Resulta especialmente atractivo escalar las cuestas infinitas en sus viejos tranvías y disfrutar de las hermosas vistas sobre la bahía desde el espectacular mirador de Twin Peaks, o acercarse hasta el Golden Gate al atardecer, el puente convertido en auténtico símbolo de la ciudad.


Islandia

 

Islandia ofrece todos los atractivos que los amantes de la naturaleza puedan desear. Bautizada como la isla de hielo y fuego, sorprende por sus paisajes vírgenes de volcanes, desiertos de lava, cascadas, glaciares, géisers, montañas y valles increíbles.

Recorrer el país es descubrir una tras otra auténticas maravillas naturales: espacios cuyo romanticismo envuelve los sentidos, como las magníficas cascadas de Skogafoss y Gullfoss; el glaciar Vatnajkull; el Parque Nacional Skaftafell; el lago Jokulsarlon, en el que podemos navegar entre increíbles icebergs, o el géiser Strokkur en la zona termal de Geysir. Vale la pena también bañarse en las aguas templadas de la Laguna Azul y acercarse hasta Husavik, un bonito pueblo pesquero cercano al Círculo Polar considerado el mejor sitio del país para el avistamiento de ballenas.
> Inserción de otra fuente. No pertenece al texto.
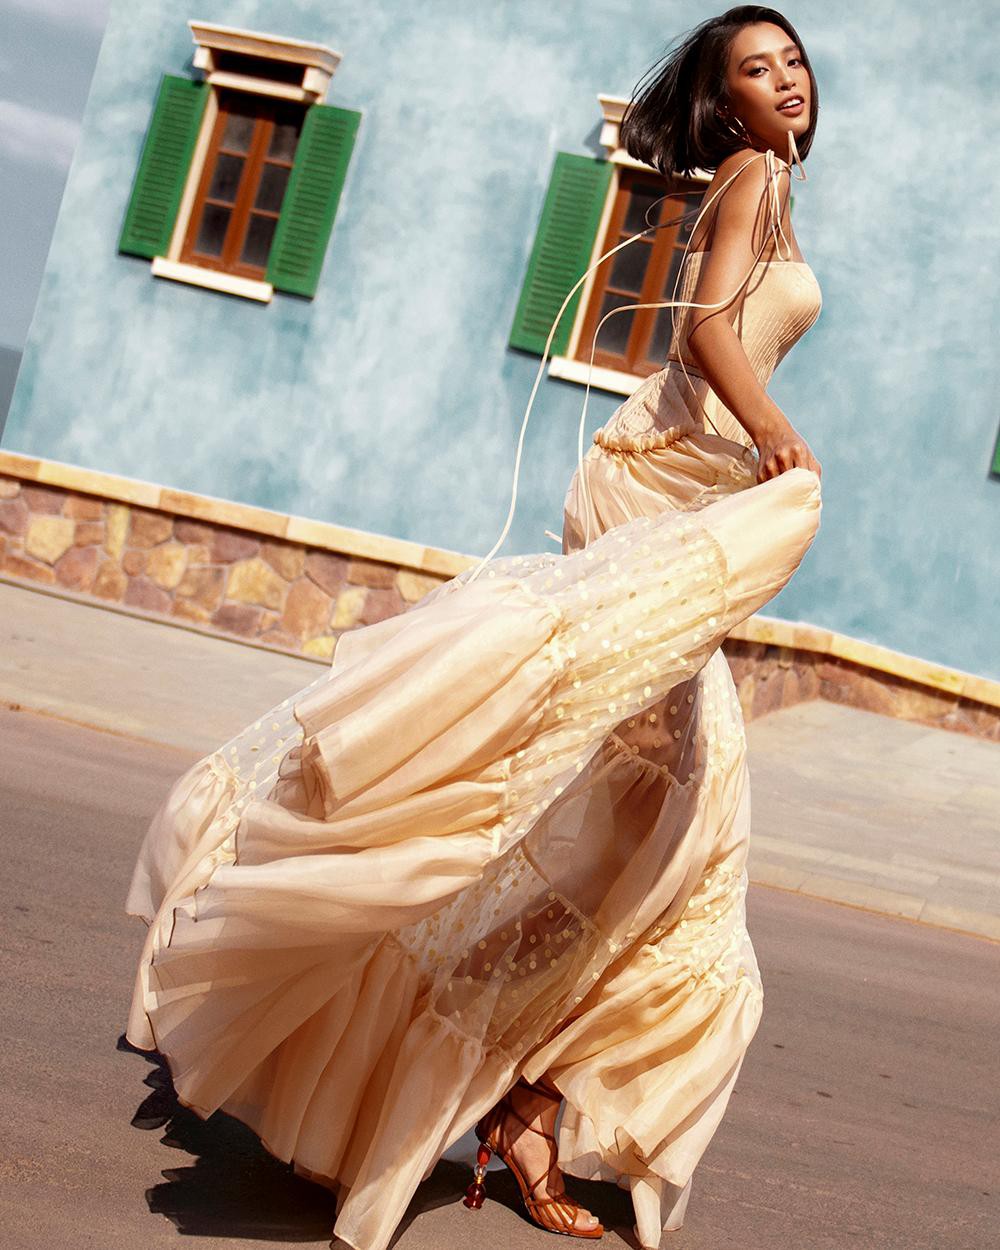 Hoa hậu tiểu vy khoe body hoàn hảo cùng làn da nâu gợi cảm trong bộ ảnh chào hè - 5

Aunque cualquier época del año es buena para visitar Islandia, los meses de julio y agosto resultan especialmente recomendables, ya que goza de temperaturas templadas y es posible contemplar el increíble sol de medianoche. Sea en plena naturaleza o en la capital -Reikiavik-, una ciudad con un ambiente sorprendente, la experiencia es única e irrepetible.